● **Instructions to follow**
Word for word, copy all the data and drop the pictures.

### Dataset section

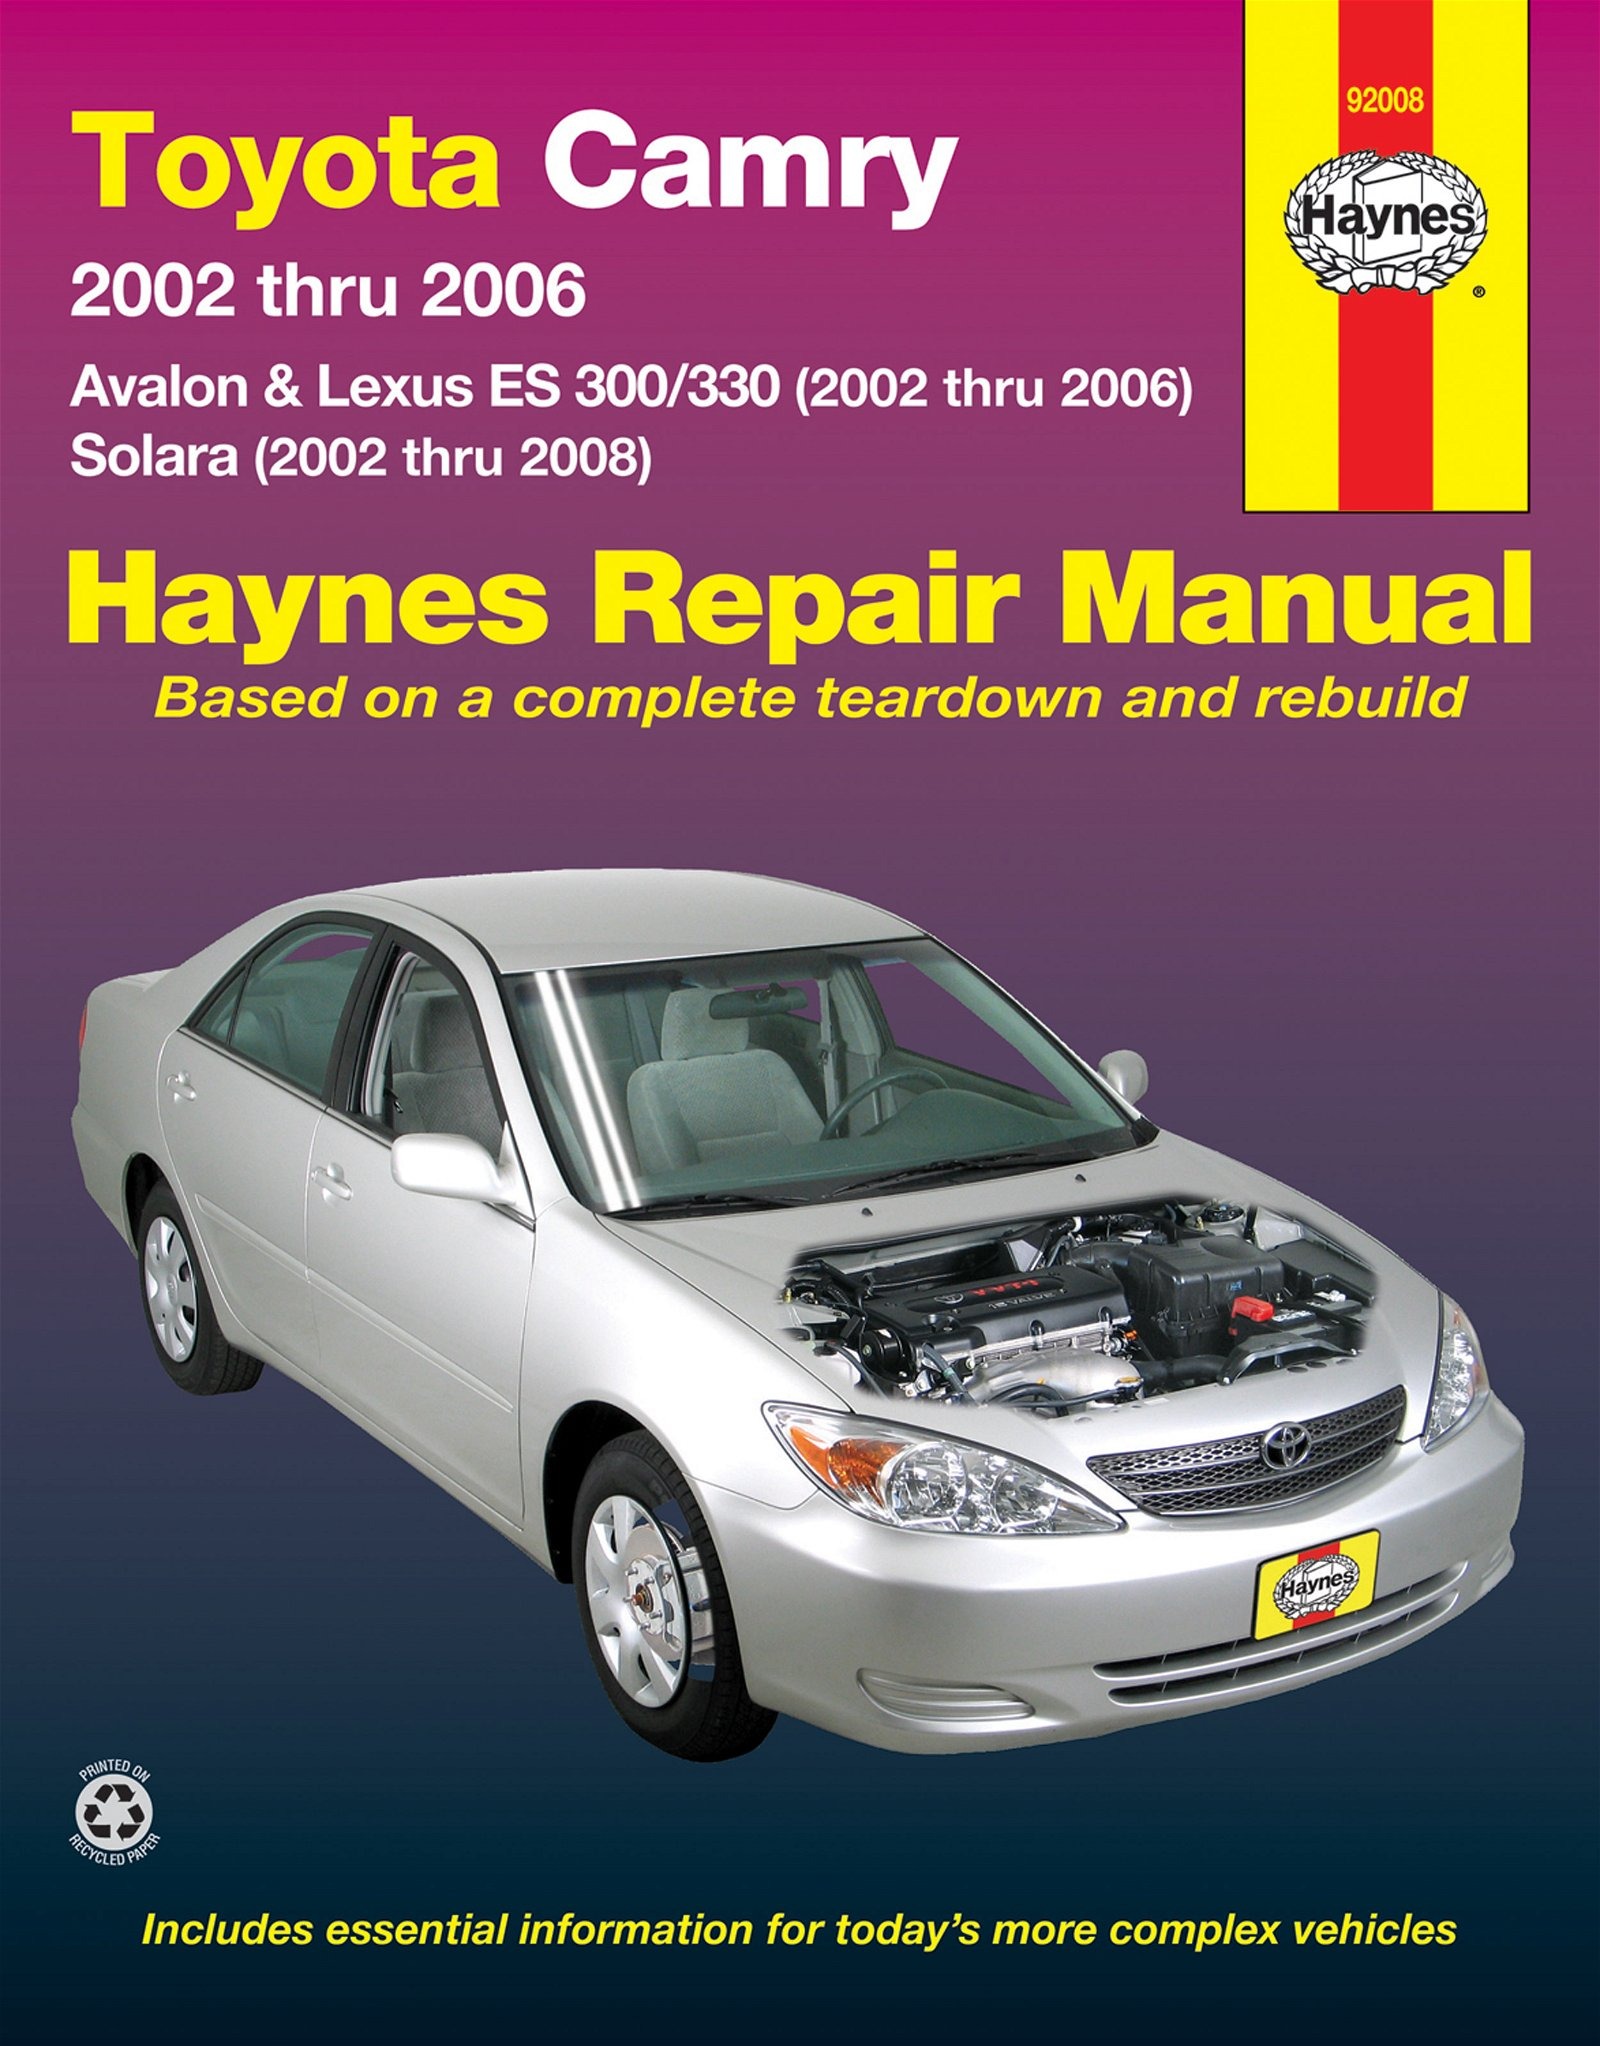 [Manuel US en Anglais] Toyota Camry, Avalon, Lexus  ES 300/330  '02 -  '06
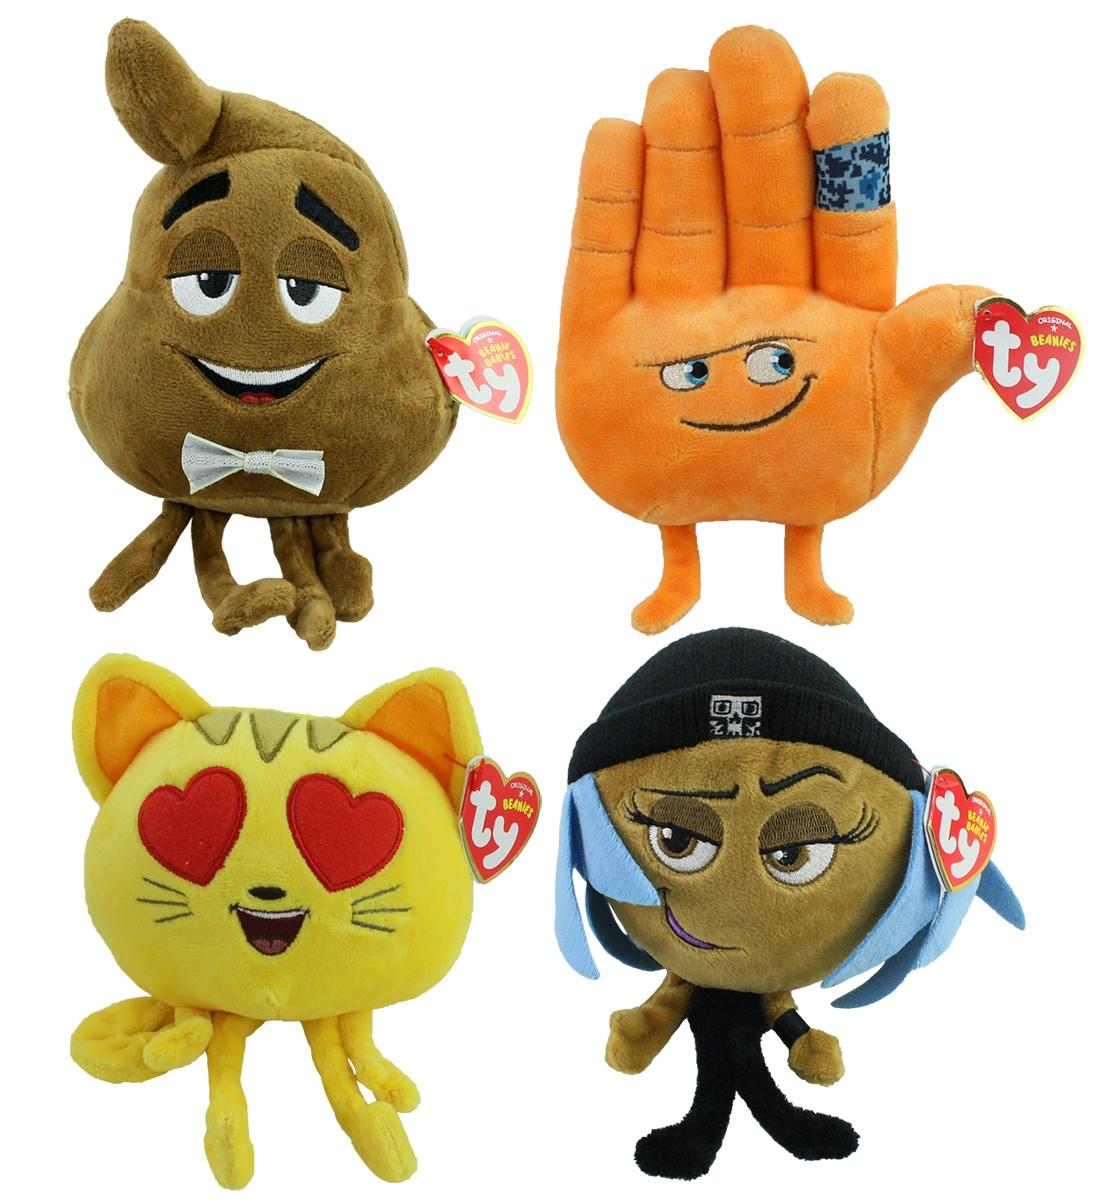 Carletto Emoji Set Ausbrecher, Kothaufen,Katze,High5
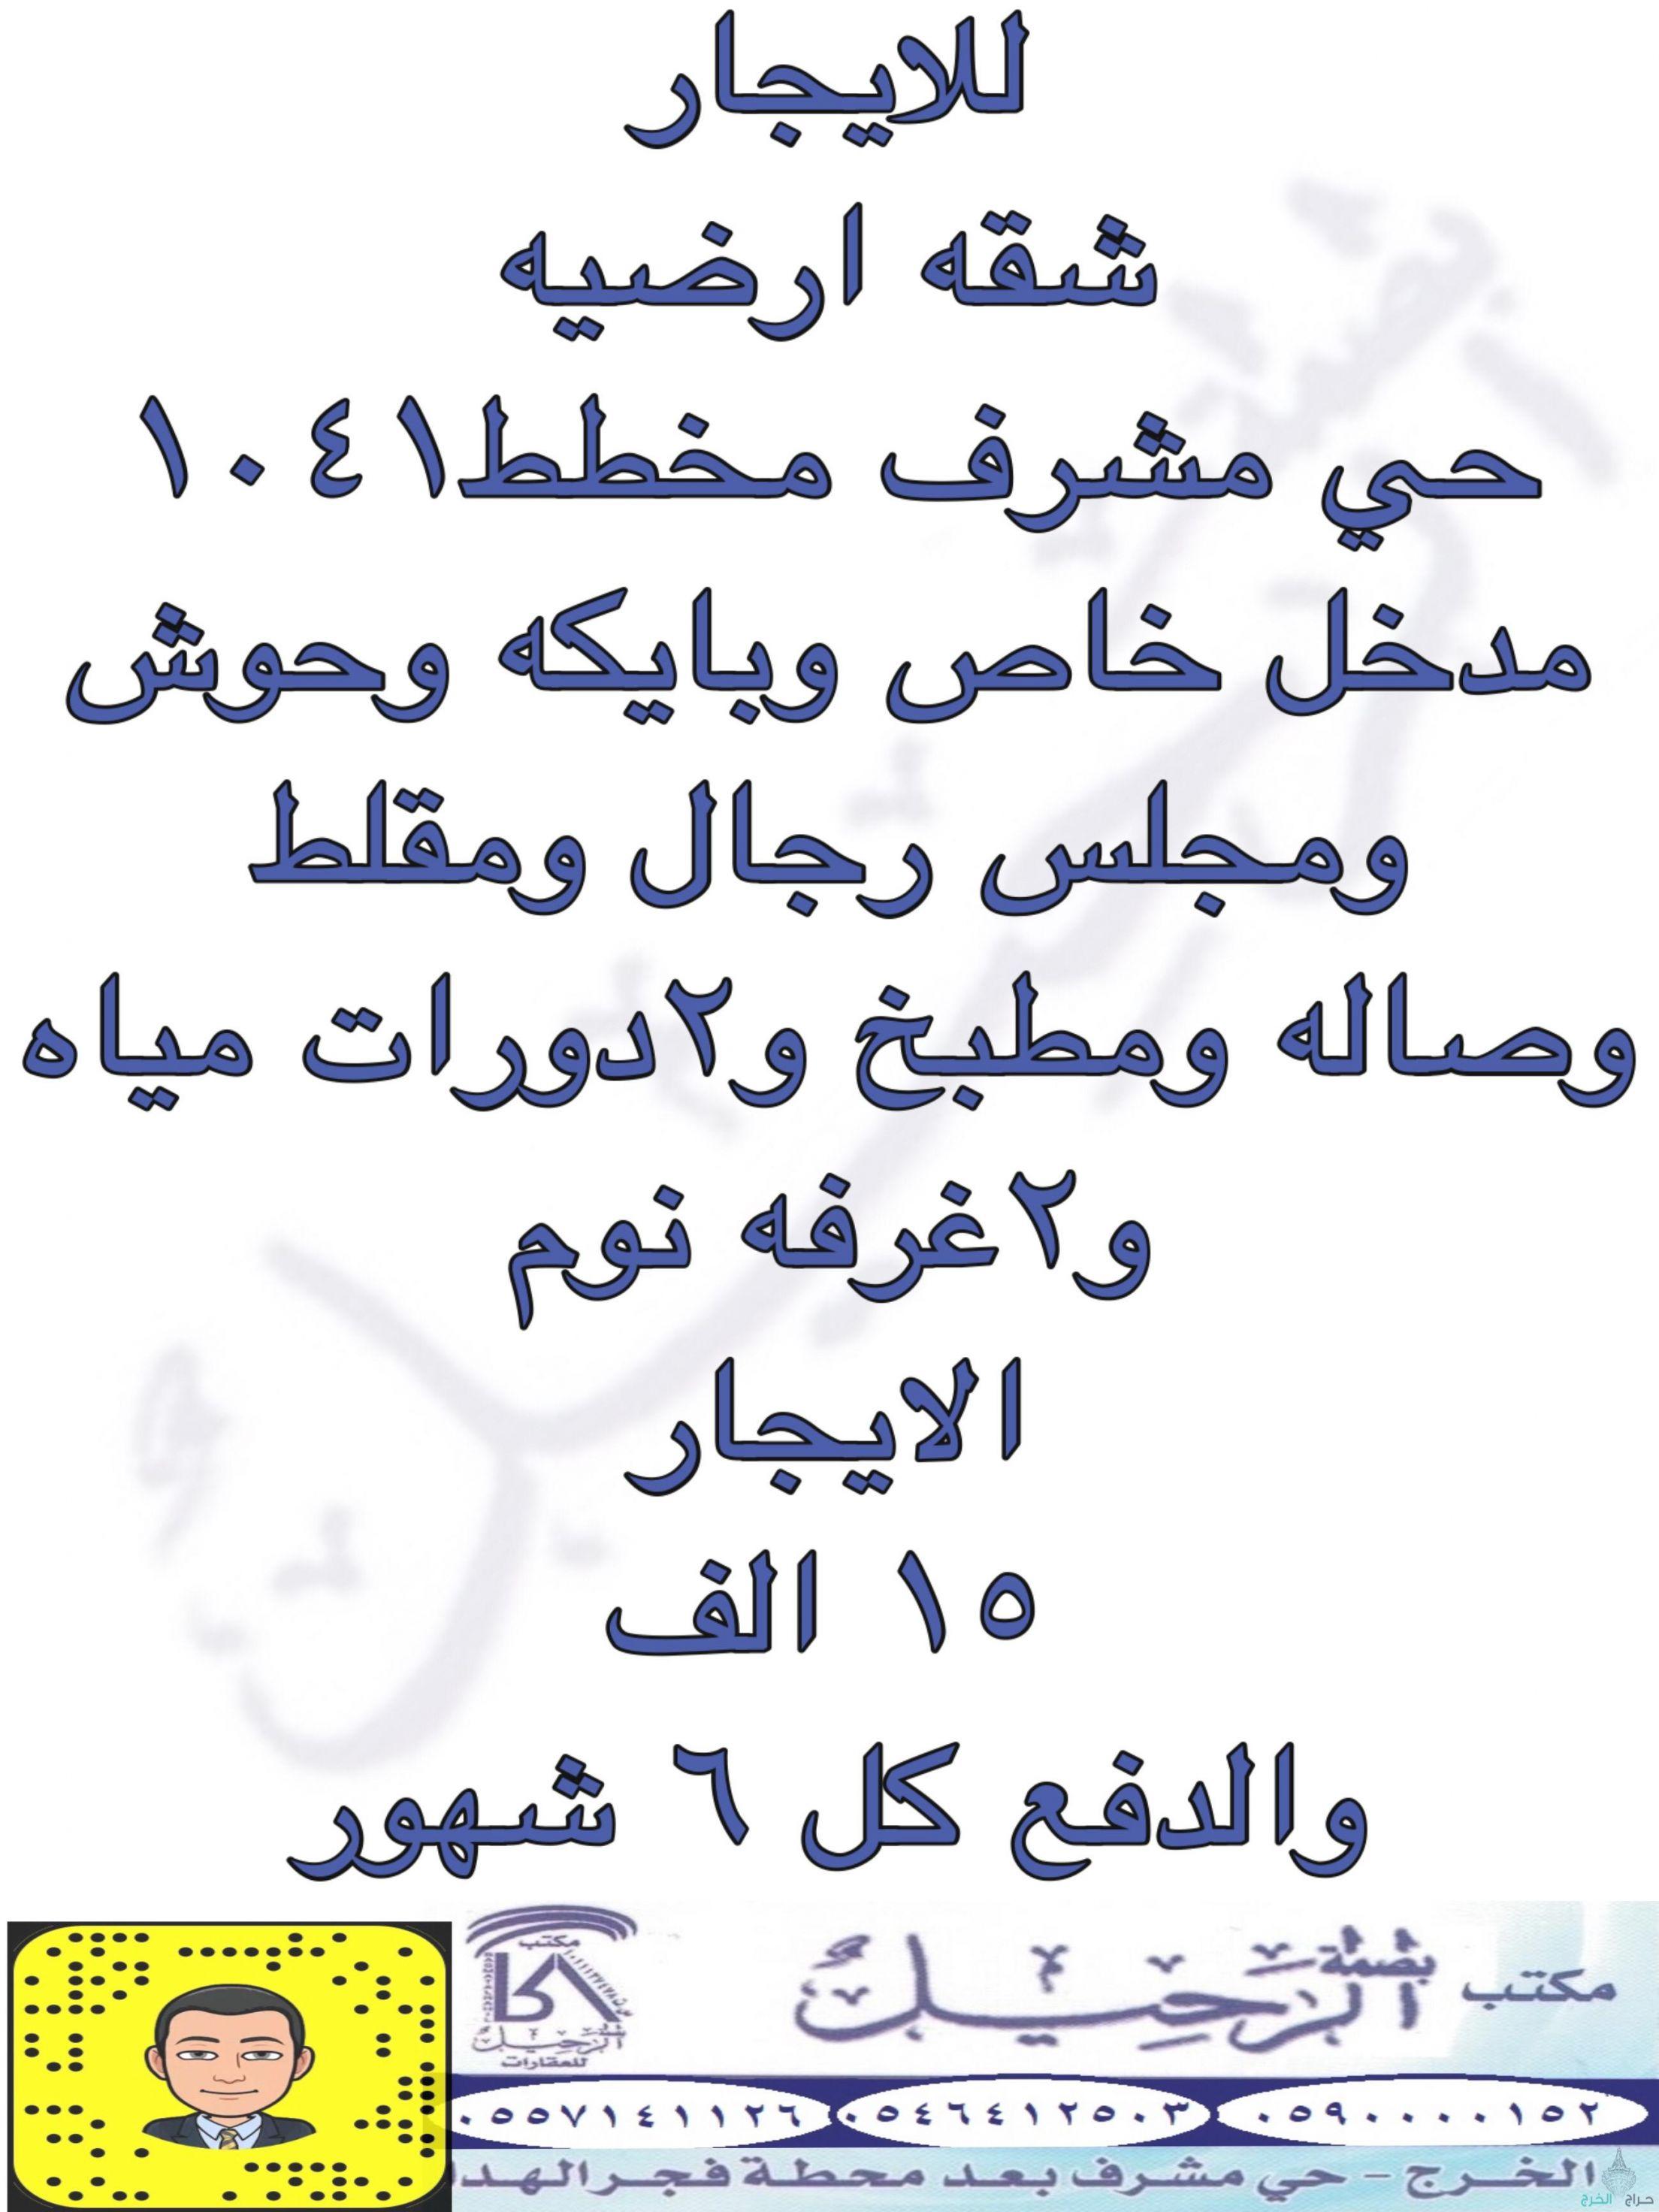 للايجار شقه ارضيه حي مشرف مخطط ١٠٤١
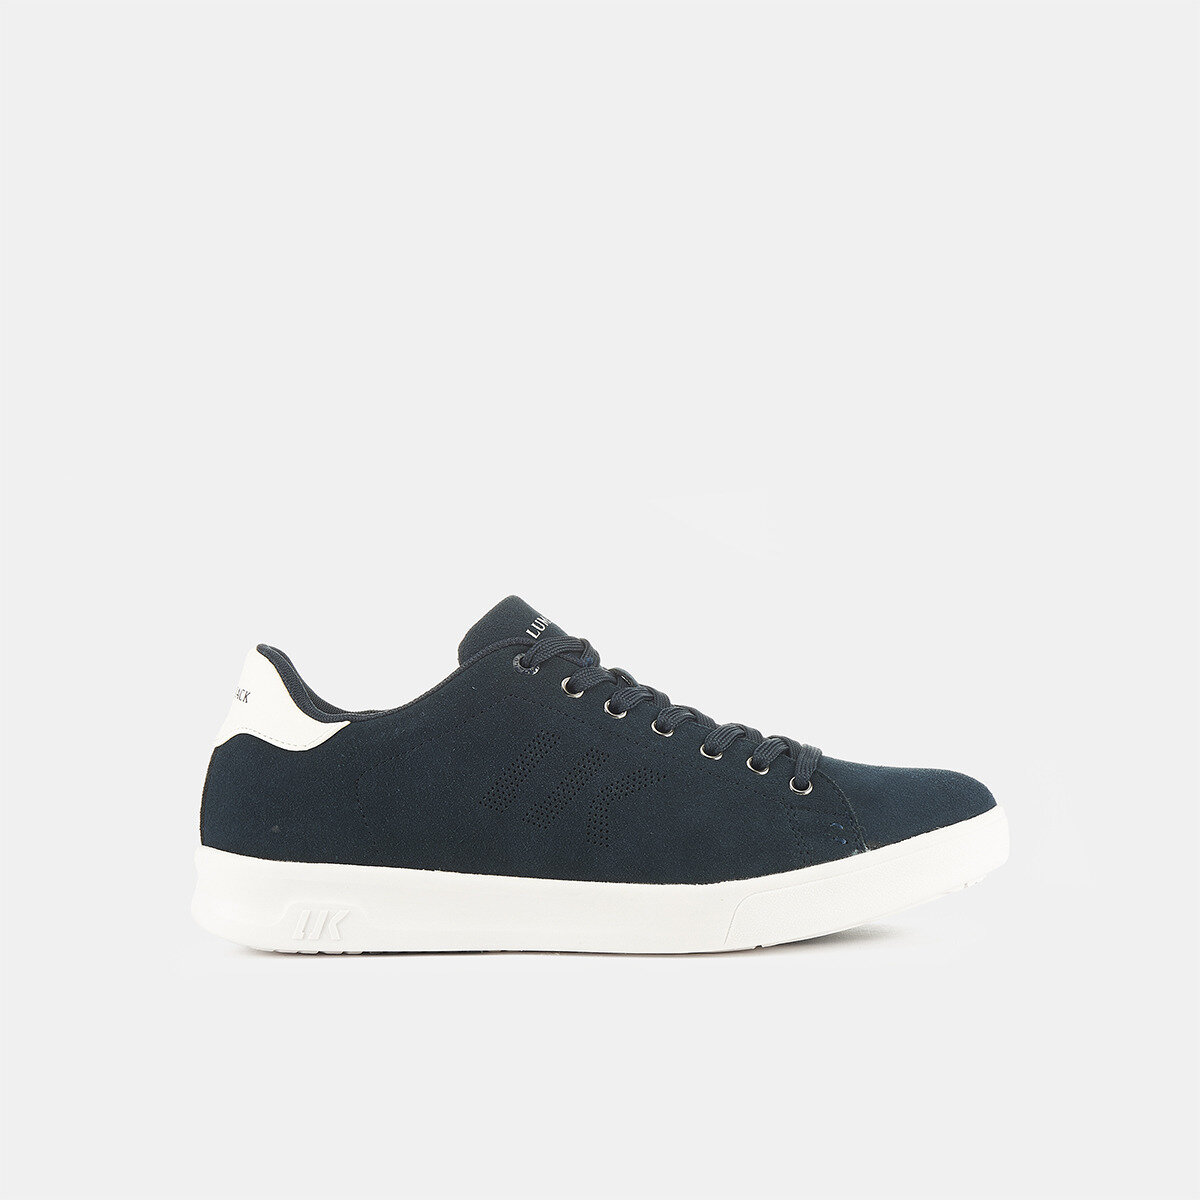 HAWK NAVY BLUE Man Sneakers

######

● **Finished exercise**
 [Manuel US en Anglais] Toyota Camry, Avalon, Lexus  ES 300/330  '02 -  '06
 Carletto Emoji Set Ausbrecher, Kothaufen,Katze,High5
 للايجار شقه ارضيه حي مشرف مخطط ١٠٤١
 HAWK NAVY BLUE Man Sneakers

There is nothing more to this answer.